Старик ничего не ответил, но человек на ступенях продолжал смотреть в нашем направлении. (В один пугающий миг мне показалось, что он глядит прямо на меня!) Он отвернулся, когда кто-то в толпе задал новый вопрос, но было шумно, и я не услышал ни вопроса, ни ответа.
Через некоторое время человек спустился в толпу и растворился в ней, как и я, выйдя из ворот на улицу. Когда толпа рассосалась, я потерял выступавшего из вида.
У Никодима были гости; одним из них оказался пожилой широкоплечий мужчина с кустистой бородой, длинными, темными волосами и большими, внимательными карими глазами.
— Это Петр, — сказал Никодим, знакомя нас. — А это его друг Иоанн, — добавил он, указав на молодого человека моего возраста с волосами песочного цвета и с синими, как Средиземное море, глазами. Я бы с удовольствием поговорил с ними, особенно с Иоанном, но Петр заявил, что им пора идти.
— Может, мы еще встретимся, — сказал я, глядя на Иоанна.
Он улыбнулся:
— Может быть.
— Пошли, — проворчал Петр. — Господин ждет.
— Господин? — спросил я, сразу подумав о господине и рабе.

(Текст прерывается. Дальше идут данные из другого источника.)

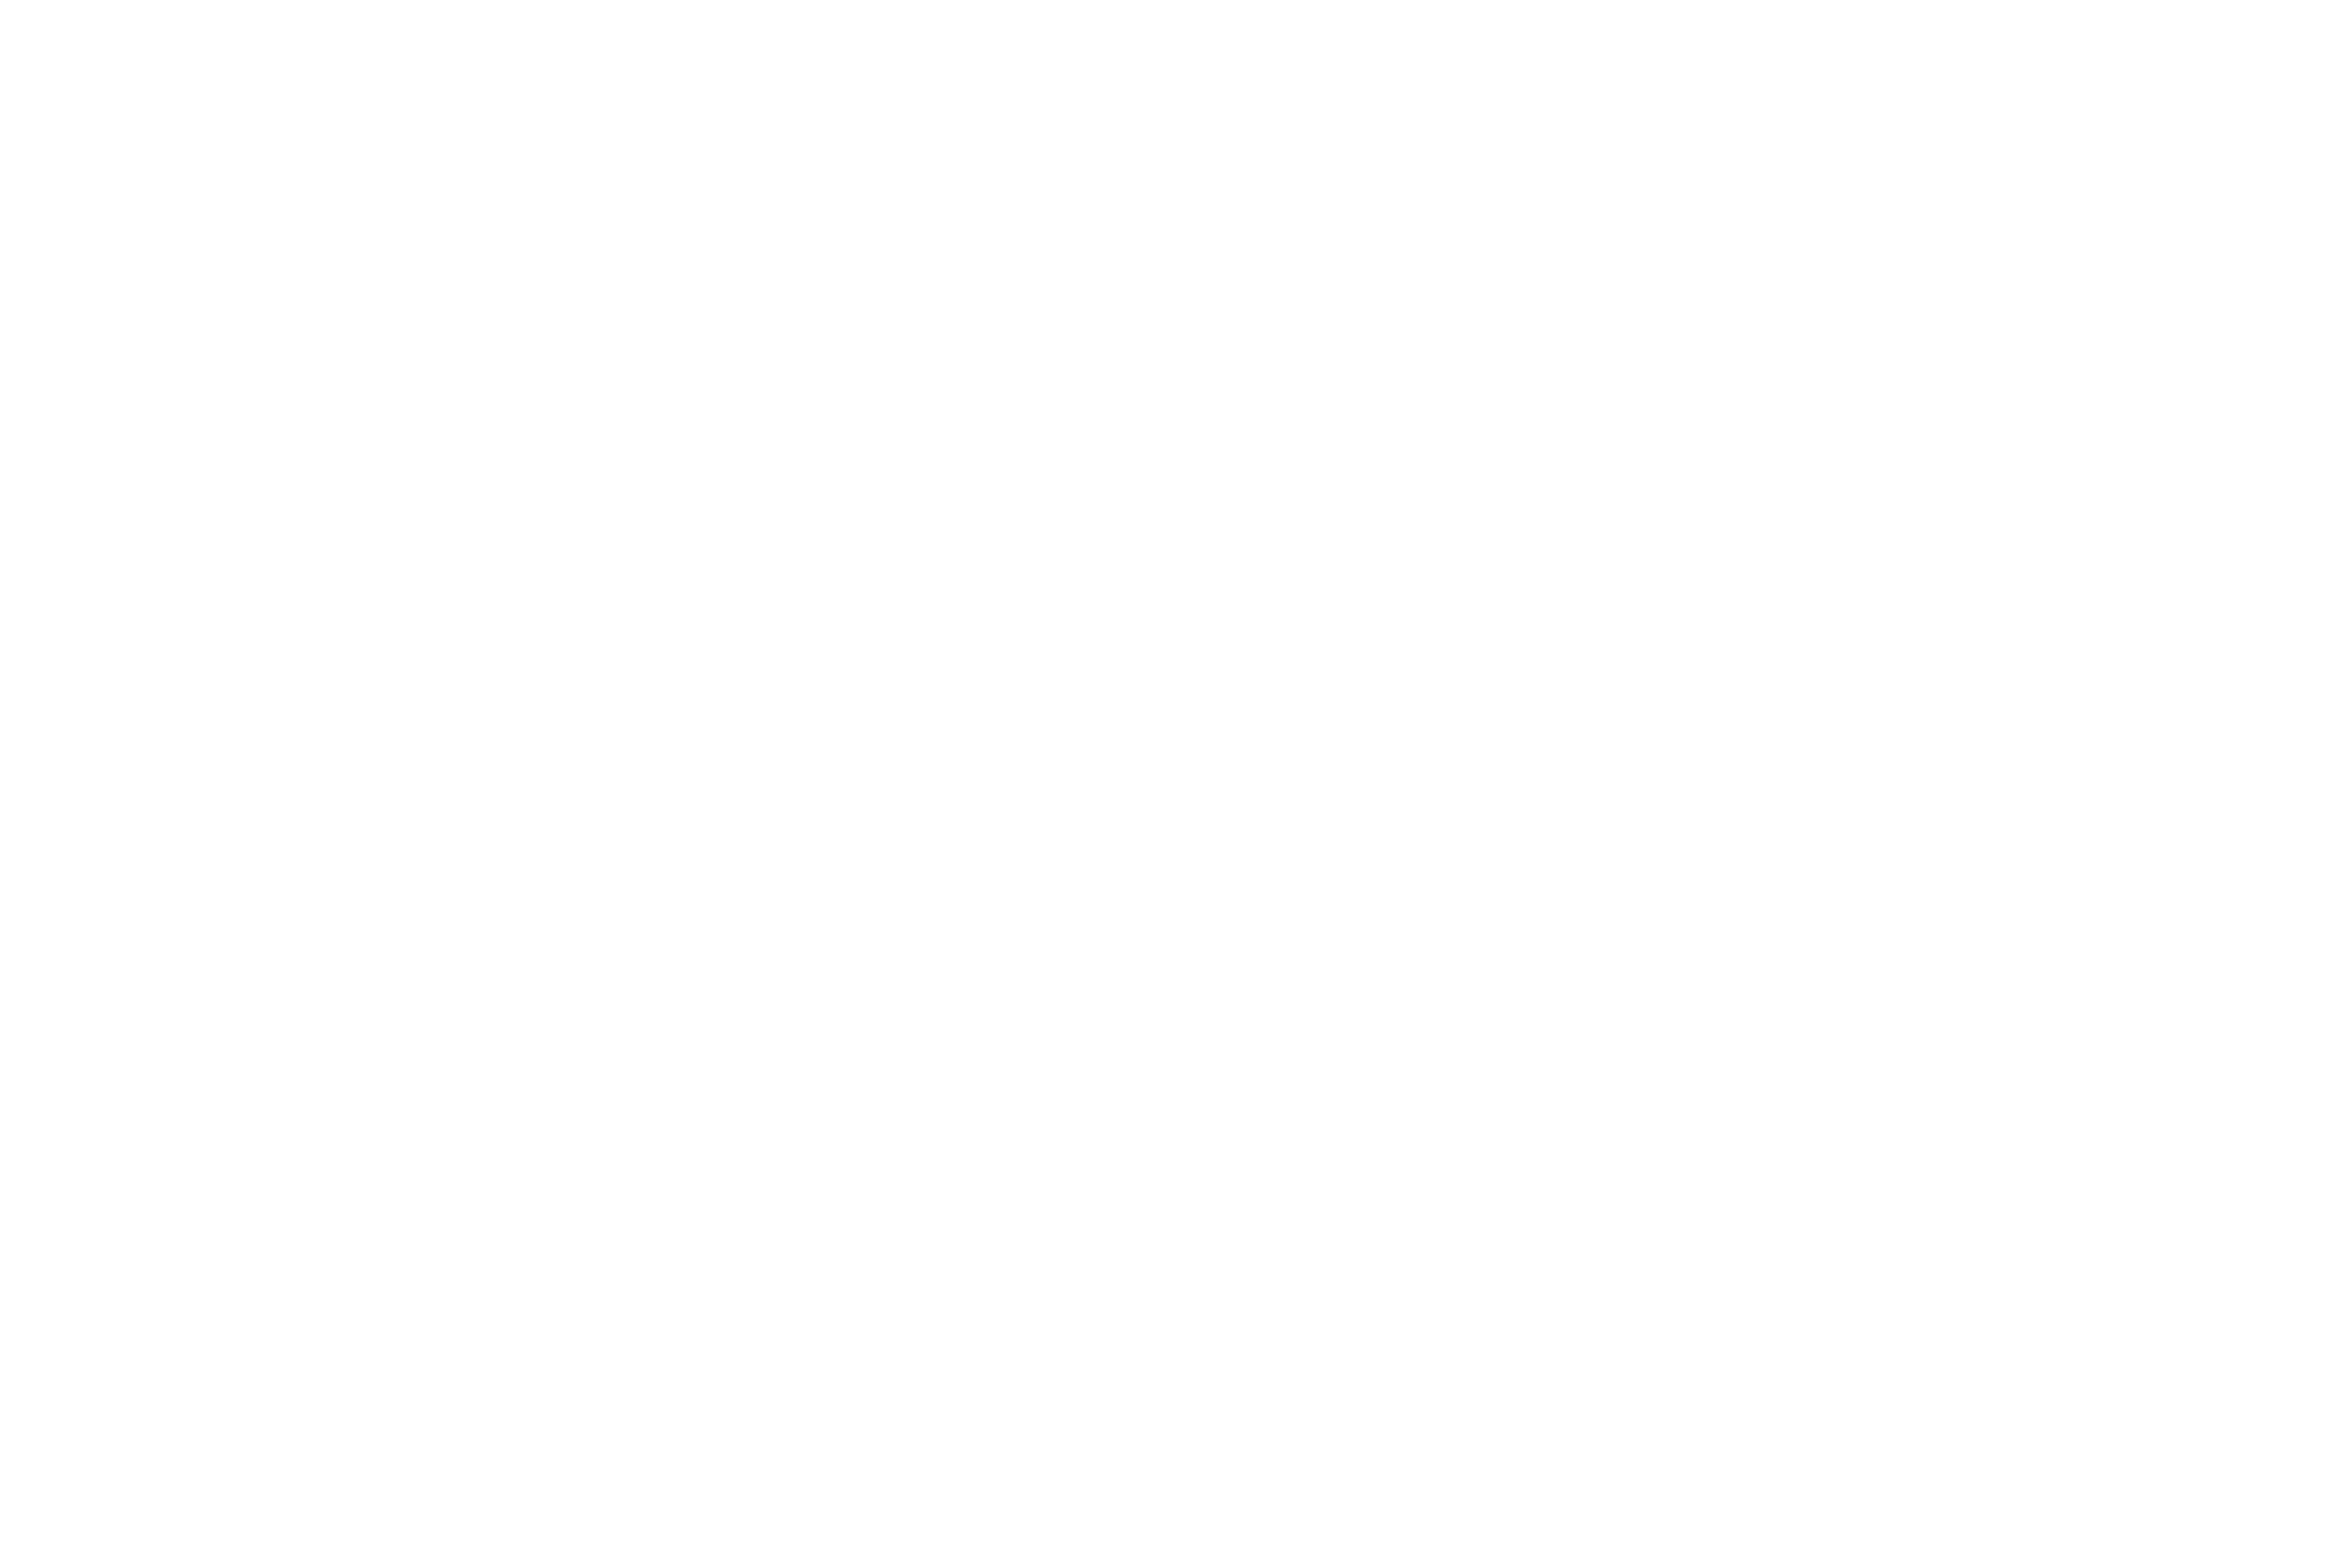 GoPro stock - Should You Buy GoPro Stock? 3 Pros, 3 Cons (GPRO)

— Иисус, — сказал Иоанн с улыбкой.
Петр потянул молодого человека за рукав.
— Идем. Мы опаздываем.
Пока Никодим прощался у дверей, мне подумалось, что если б я не пришел, Петр и Иоанн наверняка задержались бы здесь подольше.
Никодим, однако, не беспокоился.
— Очень рад видеть тебя снова, молодой человек, — произнес он, вернувшись. — Ты многое узнал о нашем народе, не так ли? Вчерашняя встреча с Пилатом вполне может восприниматься как урок. — Он улыбнулся. — Прошу прощения, что не заговорил тогда с тобой; по-моему, лучше не смешивать удовольствие и серьезные дела.
— Я понимаю.
— Ты был этим утром в Храме, — сказал он, очень меня удивив. — Человек, говоривший там — Иисус из Назарета. Друг Иоанна.
— Иоанн назвал его господином. Почему?
— Иисус — равви, учитель. Он зовет Иоанна своим любимым учеником, и Петр немного ревнует. Петр любит думать о себе как о первом среди равных.
— Простите, Никодим, мне довольно сложно понять, о чем вы говорите.
— Не беспокойся, юноша…
— Но мне интересно! Из того, что я видел и слышал в храме от… э…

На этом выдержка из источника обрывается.